Here, I have reproduced part of Figure 1C from Zarnack et al. (2013) largely using publicly available pre-processed data (the BIGWIGs for the RNA-seq had to be generated from the raw files).

./clipplotr \
-x 'hnRNPC_iCLIP_rep1_LUjh03_all_xlink_events.bedgraph.gz,hnRNPC_iCLIP_rep2_LUjh25_all_xlink_events.bedgraph.gz,U2AF65_iCLIP_ctrl_rep1_all_xlink_events.bedgraph.gz,U2AF65_iCLIP_ctrl_rep2_all_xlink_events.bedgraph.gz,U2AF65_iCLIP_KD1_rep2_all_xlink_events.bedgraph.gz,U2AF65_iCLIP_KD2_rep1_all_xlink_events.bedgraph.gz' \
-l 'hnRNPC 1,hnRNPC 2,U2AF2 WT 1,U2AF2 WT 2,U2AF2 KD 1,U2AF2 KD 2' \
-c '#586BA4,#324376,#0AA398,#067E79,#A54D69,#771434' \
--groups 'hnRNPC,hnRNPC,U2AF2 WT,U2AF2 WT,U2AF2 KD,U2AF2 KD' \
-n libsize \
-s rollmean \
-w 50 \
-y 'Alu_rev.bed.gz' \
--auxiliary_labels 'reverse Alu' \
--coverage 'ERR127306_plus.bigwig,ERR127307_plus.bigwig,ERR127308_plus.bigwig,ERR127309_plus.bigwig,ERR127302_plus.bigwig,ERR127303_plus.bigwig,ERR127304_plus.bigwig,ERR127305_plus.bigwig' \
--coverage_labels 'CTRL1 1,CTRL1 2,CTRL2 1,CTRL2 2,KD1 1,KD1 2,KD2 1,KD2 2' \
--coverage_colours '#A1D99B,#74C476,#31A354,#006D2C,#FDAE6B,#E6550D,#FC9272,#DE2D26' \
--coverage_groups 'CTRL,CTRL,CTRL,CTRL,KD,KD,KD,KD' \
-g gencode.v34lift37.annotation.gtf.gz \
-r 'chr1:207513000:207515000:+' \
--highlight '207513650:207513800' \
-a transcript \
-o 'CD55.pdf'

produces the figure:

Figure 1C from Zarnack et al. (2013)

The plot is given the title of the region of interest.

In the CLIP plot we can see in the highlighted region a peak of hnRNPC binding (hnRNPC).

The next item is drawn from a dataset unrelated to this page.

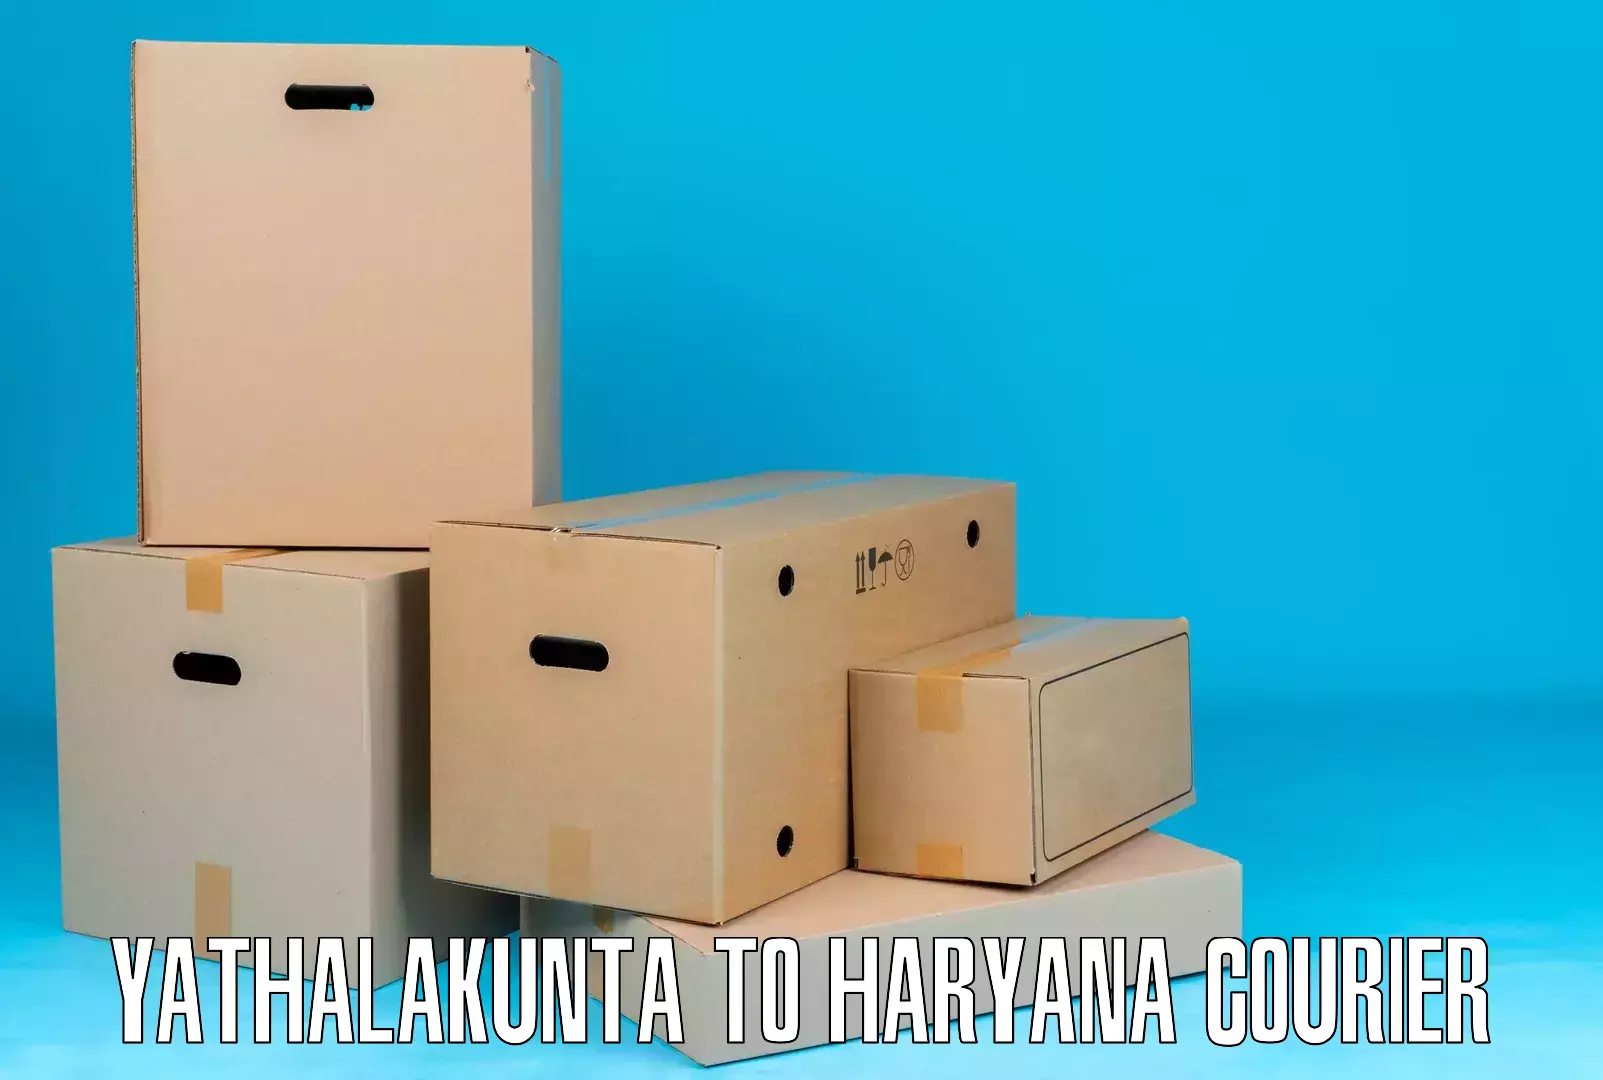 Door-to-door shipment Yathalakunta to Ambala

There is no overlapping U2AF2 binding when hnRNPC is present (U2AF2 WT), but upon knockdown of hnRNPC, U2AF2 is able to bind to this region as strongly as hnRNPC (U2AF2 KD).

In the peak plot we can see that this binding site falls on the 5' end of reverse orientation Alu element (reverse Alu).

In the coverage track we can see from RNA-seq read coverage that there is little expression of this exon when hnRNPC is present (CTRL), but upon two biological replicates of hnRNPC knockdown there is a large increase in expression (KD1 and KD2).

In the annotation track we can see this is contained within in the CD55 gene, which has the ENSEMBL ID ENSG000001962352 with the GENCODE suffix 16_8. Although there are many transcripts where this exon is not expressed, there are two annotated ones where it is in the latest GENCODE V34 annotation. There are no other genes in this region of interest.

Test data

To try out clipplotr a small test dataset has been created based on the example plot above.

cd test

../clipplotr \
-x 'test_hnRNPC_iCLIP_rep1_LUjh03_all_xlink_events.bedgraph.gz,test_hnRNPC_iCLIP_rep2_LUjh25_all_xlink_events.bedgraph.gz,test_U2AF65_iCLIP_ctrl_rep1_all_xlink_events.bedgraph.gz,test_U2AF65_iCLIP_ctrl_rep2_all_xlink_events.bedgraph.gz,test_U2AF65_iCLIP_KD1_rep2_all_xlink_events.bedgraph.gz,test_U2AF65_iCLIP_KD2_rep1_all_xlink_events.bedgraph.gz' \
-l 'hnRNPC 1,hnRNPC 2,U2AF2 WT 1,U2AF2 WT 2,U2AF2 KD 1,U2AF2 KD 2' \
-c '#586BA4,#324376,#0AA398,#067E79,#A54D69,#771434' \
--groups 'hnRNPC,hnRNPC,U2AF2 WT,U2AF2 WT,U2AF2 KD,U2AF2 KD' \
-n custom \
--size_factors '4.869687,9.488133,1.781117,10.135903,4.384385,8.227587' \
-s rollmean \
-w 50 \
-y 'test_Alu_rev.bed.gz' \
--auxiliary_labels 'reverse Alu' \
--coverage 'test_ERR127306_plus.bigwig,test_ERR127307_plus.bigwig,test_ERR127308_plus.bigwig,test_ERR127309_plus.bigwig,test_ERR127302_plus.bigwig,test_ERR127303_plus.bigwig,test_ERR127304_plus.bigwig,test_ERR127305_plus.bigwig' \
--coverage_labels 'CTRL1 1,CTRL1 2,CTRL2 1,CTRL2 2,KD1 1,KD1 2,KD2 1,KD2 2' \
--coverage_colours '#A1D99B,#74C476,#31A354,#006D2C,#FDAE6B,#E6550D,#FC9272,#DE2D26' \
--coverage_groups 'CTRL,CTRL,CTRL,CTRL,KD,KD,KD,KD' \
-g CD55_gencode.v34lift37.annotation.gtf.gz \
-r 'chr1:207513000:207515000:+' \
--highlight '207513650:207513800' \
-a transcript \
-o test.pdf

Note as we cannot calculate library sizes from the small subset dataset, here I have used custom normalisation with pre-calculated library size factors from the full CLIP bedgraph files.